At a makeshift headquarters in the forecourt of a cracked middle school in the worst-hit town of Longtoushan, a senior colonel in the People's Liberation Army said there might still be hope to find survivors.
"There are a lot of people that we may never be able to dig out," said Senior Col. Feng, who declined to give his full name because he was not an officially designated spokesman. "But there is still hope."
Wednesday's jump in the toll — from 410 late Tuesday — was due to rescuers arriving in places where they had previously been unable to contact anybody, in small farming villages built into the mountains above the main towns, said Feng, who is based in neighboring Sichuan province. There were reports of additional communities buried but still unreached by rescuers.
Some 10,000 troops and hundreds of volunteers have rushed to Ludian to clear roads and dig out survivors from the debris, but landslides and bouts of heavy rains have complicated the efforts.

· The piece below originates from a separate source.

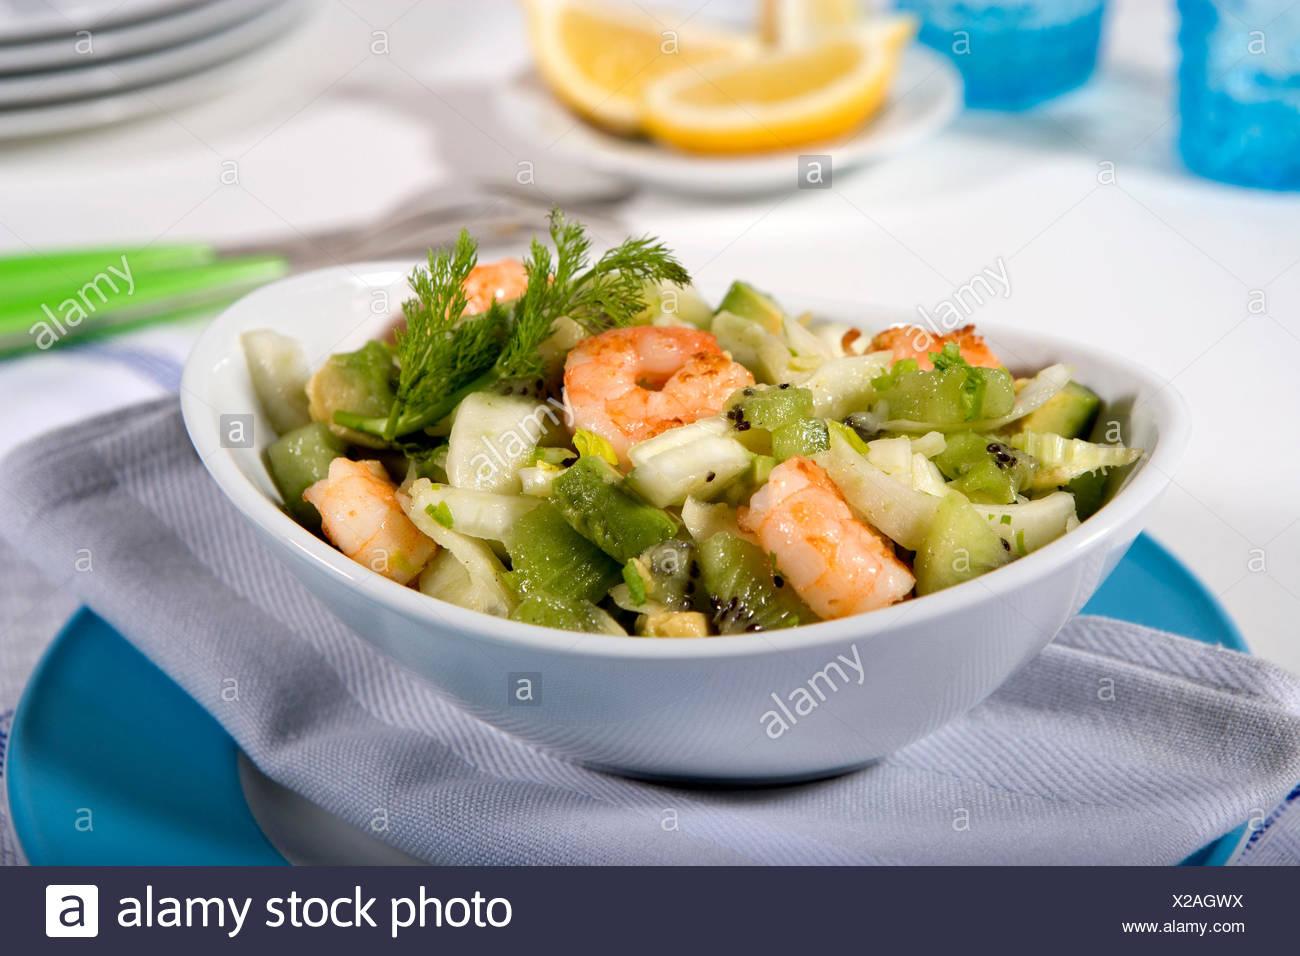 Oriental fennel salad with shrimps - Stock Image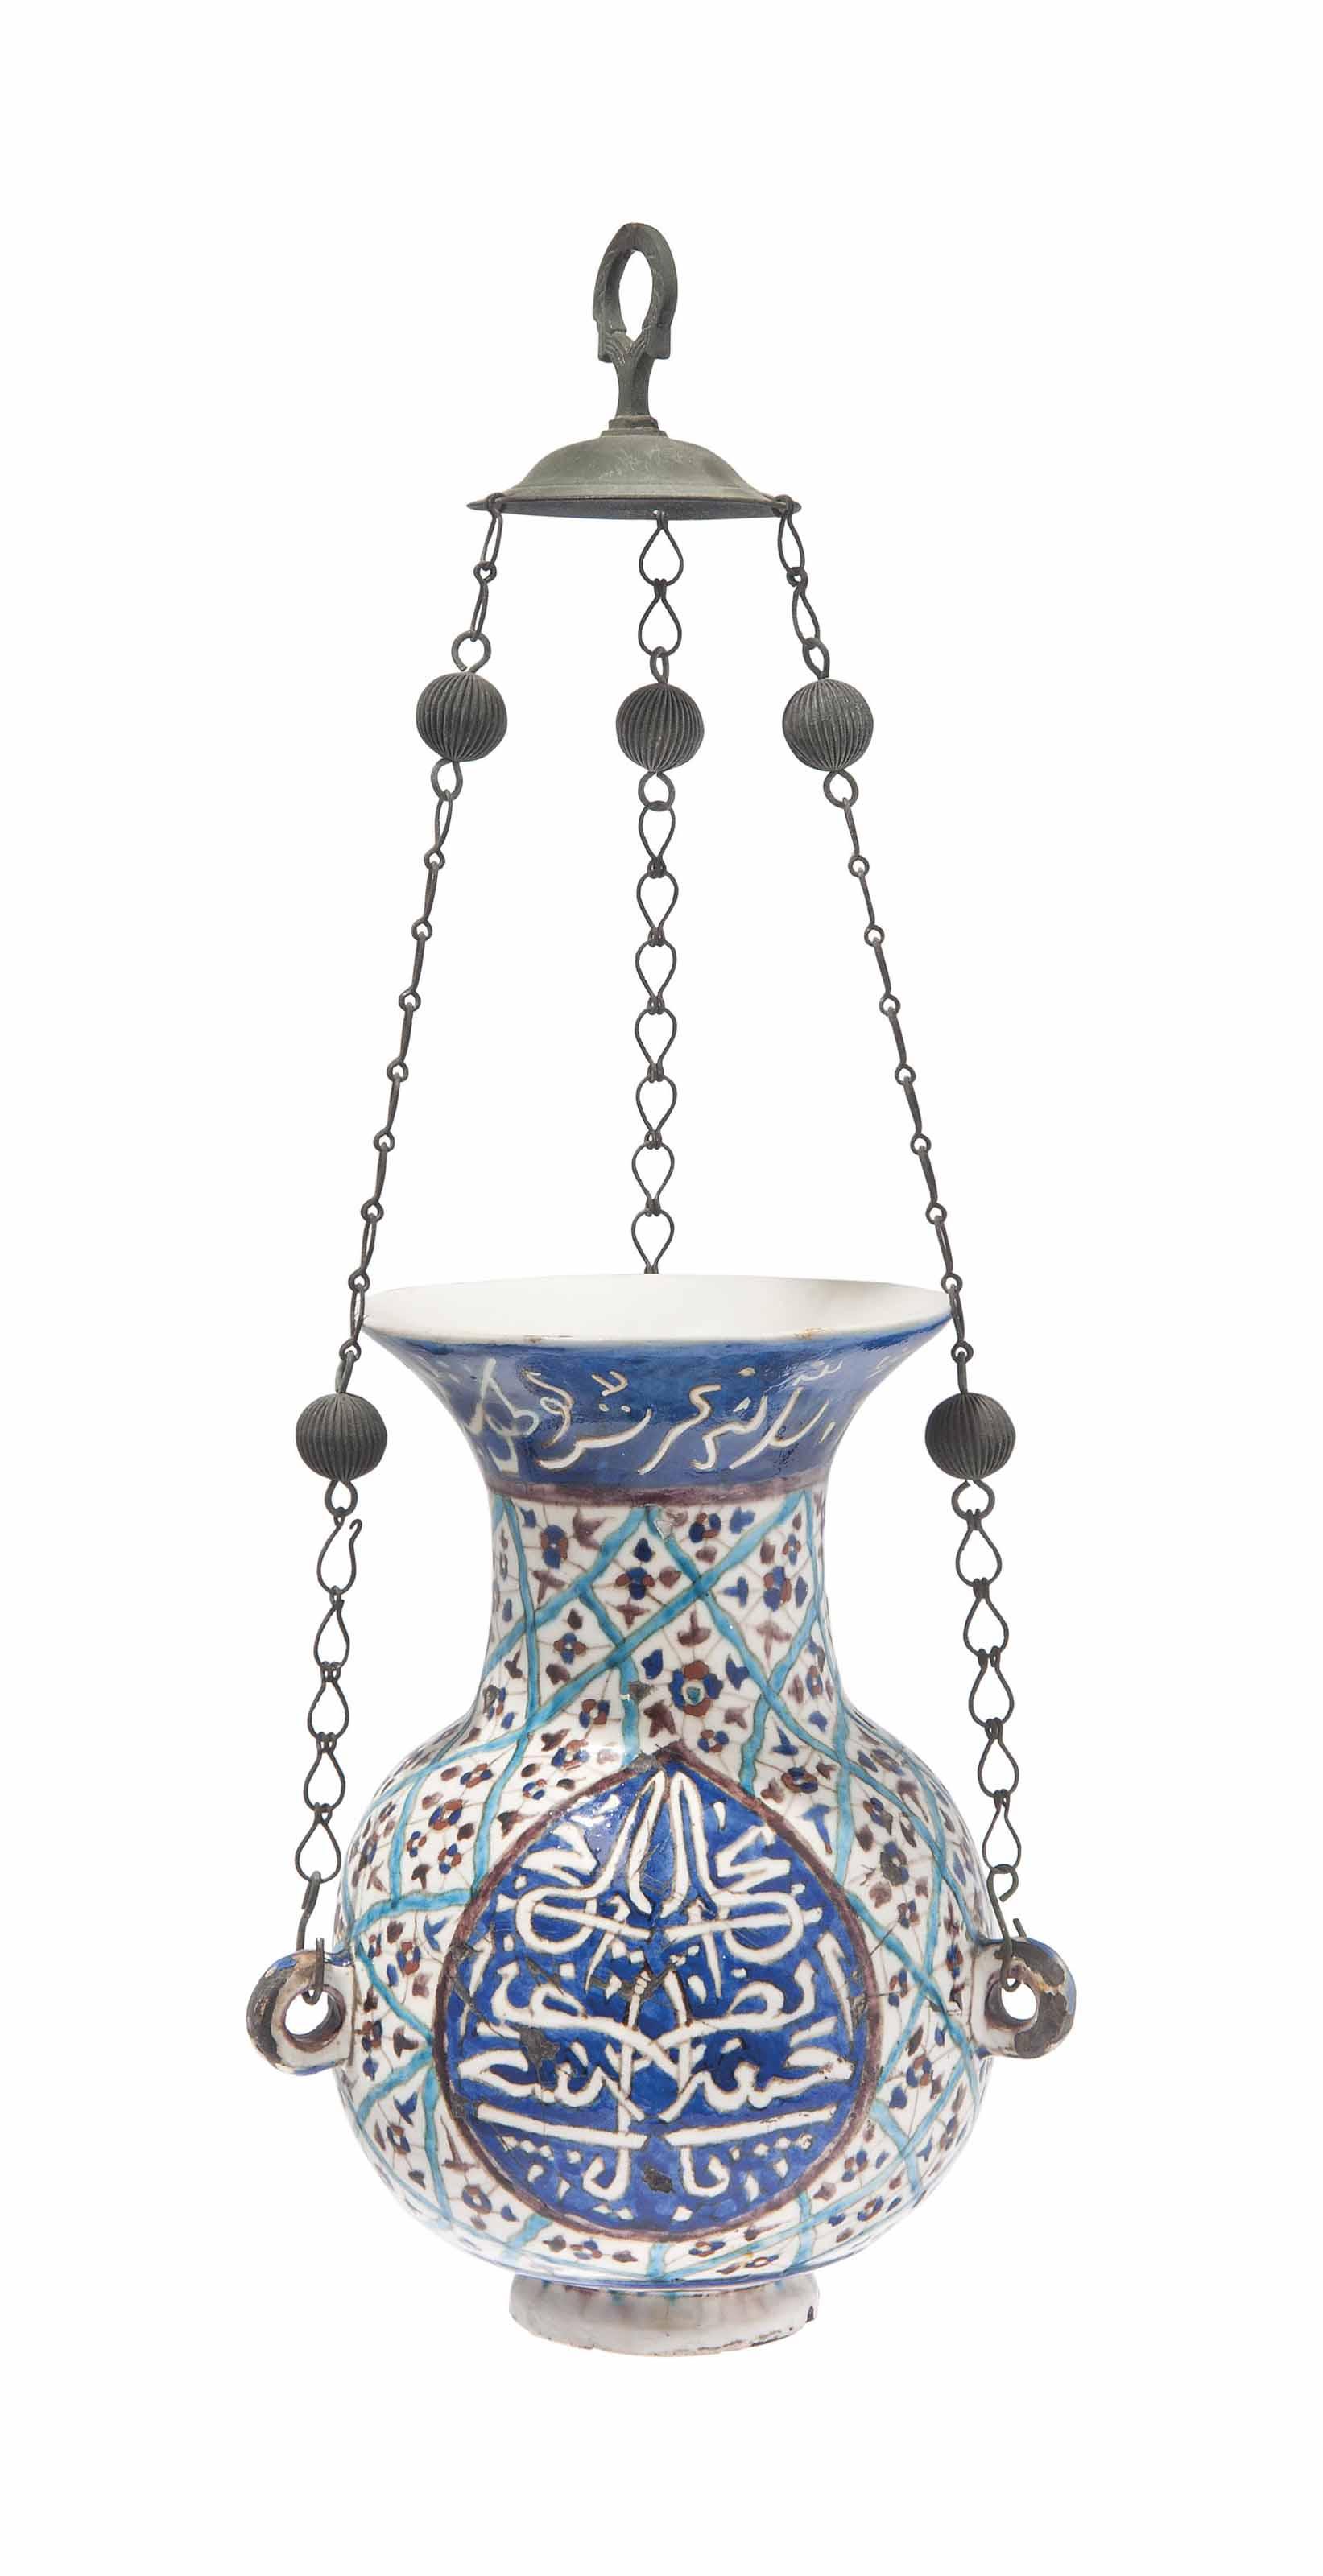 A KUTAHYA POTTERY MOSQUE LAMP

The quake struck an area of steep hills and narrow roads that are not well suited to all the traffic of the massive relief effort. Landslides have shorn shear rocky faces into the region's valleys and piled earth on roads.
The weather was clear Wednesday and the roads into Longtoushan were clogged with rescue vehicles, ambulances and military jeeps along with residents and volunteers on foot.
Wang Zhixue (32 years) a farmer from Wangjaocun village near Longtoushan, said his wife and two daughters survived the quake but that a landslide wrecked their house. They're now saying in a tent on a hillside.
"We're getting some help, but the roads must be cleared before we can recover," Wang said. "It took four hours to get supplies on my motorcycle so getting transportation going is the most important thing. "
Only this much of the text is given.